FDA (2010) has since informed GlaxoSmithKline (GSK), the manufacturers of rosiglitazone, that the post-marketing TIDE has been placed on partial clinical hold. Yusef’s plea to respect prospective controlled trials over uncontrolled retrospective studies goes some way to explaining why, in the case of the FDA subcommittee, 33 members of the joint advisory committee met for 20 hours over 2 days before agreeing that the drug posed significant CV risk. Twelve voted that it should be removed from the market, 10 voted for much stricter control over prescriptions, seven voted for further warnings, three believed no changes were necessary, and one abstained.
What does this mean?
First, there is no direct evidence that rosiglitazone prevents vascular events in people with diabetes. Second, emerging evidence suggests that rosiglitazone is less safe than pioglitazone. Third, a consensus document from the American Diabetes Association and EASD had already advised caution about the use of rosiglitazone (Nathan et al, 2009).
Those responsible for prescribing rosiglitazone in primary care will have moved quickly in the past 2 weeks – first to contact people taking rosiglitazone to reassure them, and then use the opportunity to review their medication and make appropriate switches and additions to it as needed. The Primary Care Diabetes Society has published guidance on this, available at: www.pcdsociety.org/statements. It would appear from prescribing trends that rosiglitazone was not being initiated de novo, although many people with diabetes have remained on the product and are presumably responding satisfactorily to it.
GSK has withdrawn marketing of rosiglitazone and are expected to record a £1.57 billion ($2.4 billion) charge in the second quarter to settle legal cases, including claims arising from the use of rosiglitazone (Kelley, 2010). However, it is worth noting that both TZDs were nearing the end of their drug patents, and as pioglitazone becomes available as a generic agent over the next 12 months, its acquisition costs will fall. Prescribing advisors will favour pioglitazone as a third-line agent over the more expensive emerging agents, such as dipeptidyl peptidase-4 inhibitors and glucagon-like peptide-1 receptor agonists, especially as neither of these drug classes have long-term safety data.

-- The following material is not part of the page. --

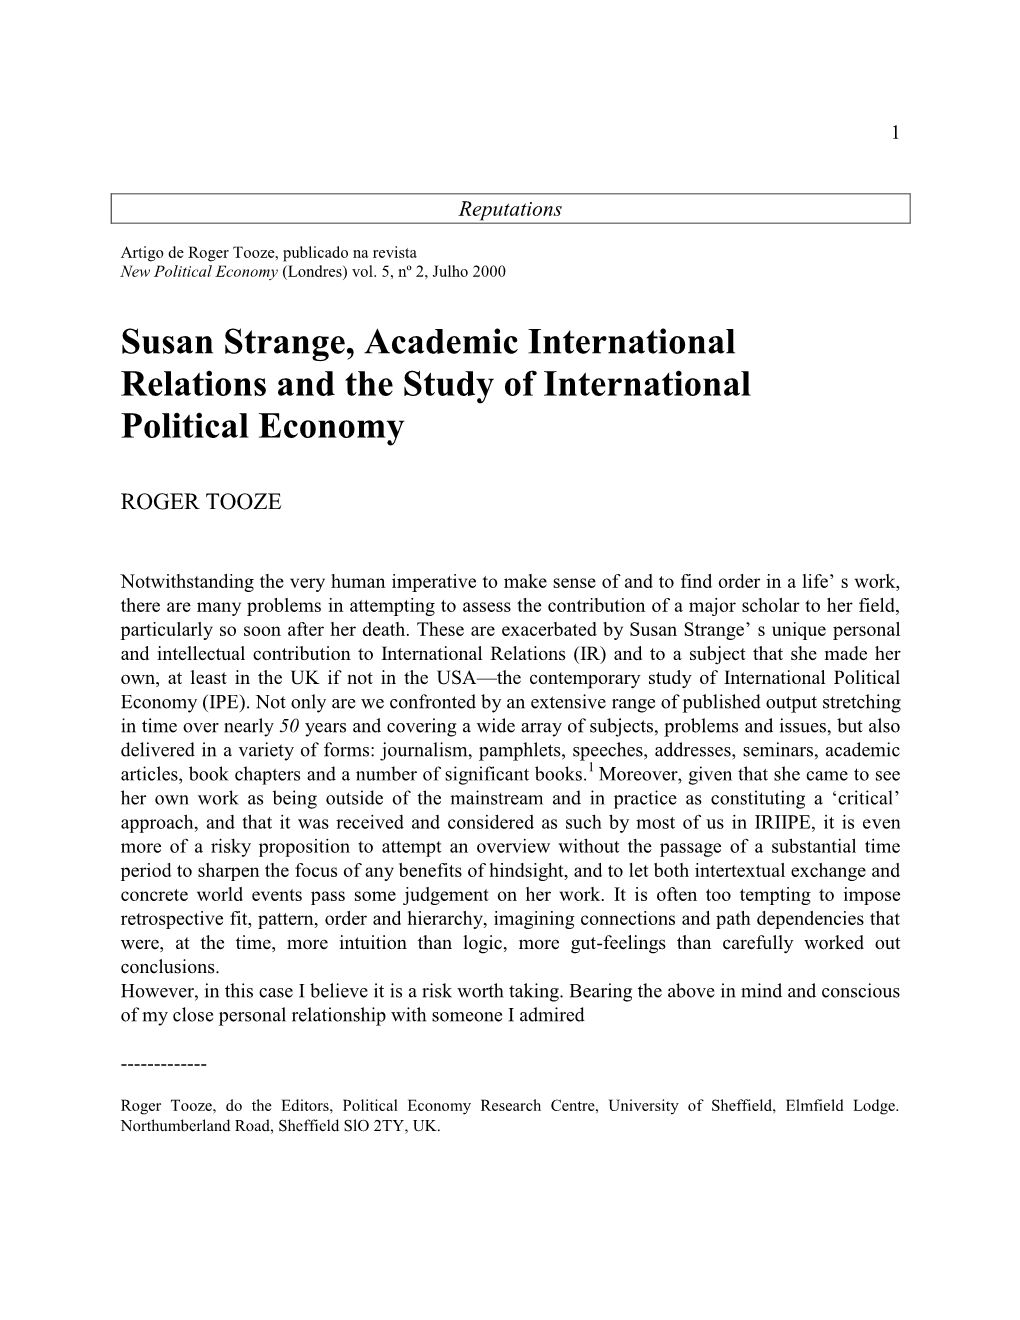 Susan Strange, Academic International Relations and the Study of International Political Economy

Rosiglitazone emerged at a time when there were few effective agents available to primary care diabetes teams, and it was welcomed as a novel agent. However, its effect was judged on its ability to lower HbA1c and surrogate CV outcomes rather than patient-related outcomes. We should be demanding much more robust proof of CV safety before new drugs for type 2 diabetes are licensed. This is particularly the case where CV outcomes are more important than rigorous HbA1c reductions.
Those of us working in primary care consider ourselves to be patient advocates and, as such, we should be recommending drugs for them that not only reduce the complications arising from the increased glycaemia associated with diabetes but also drugs that are safe and effective long-term.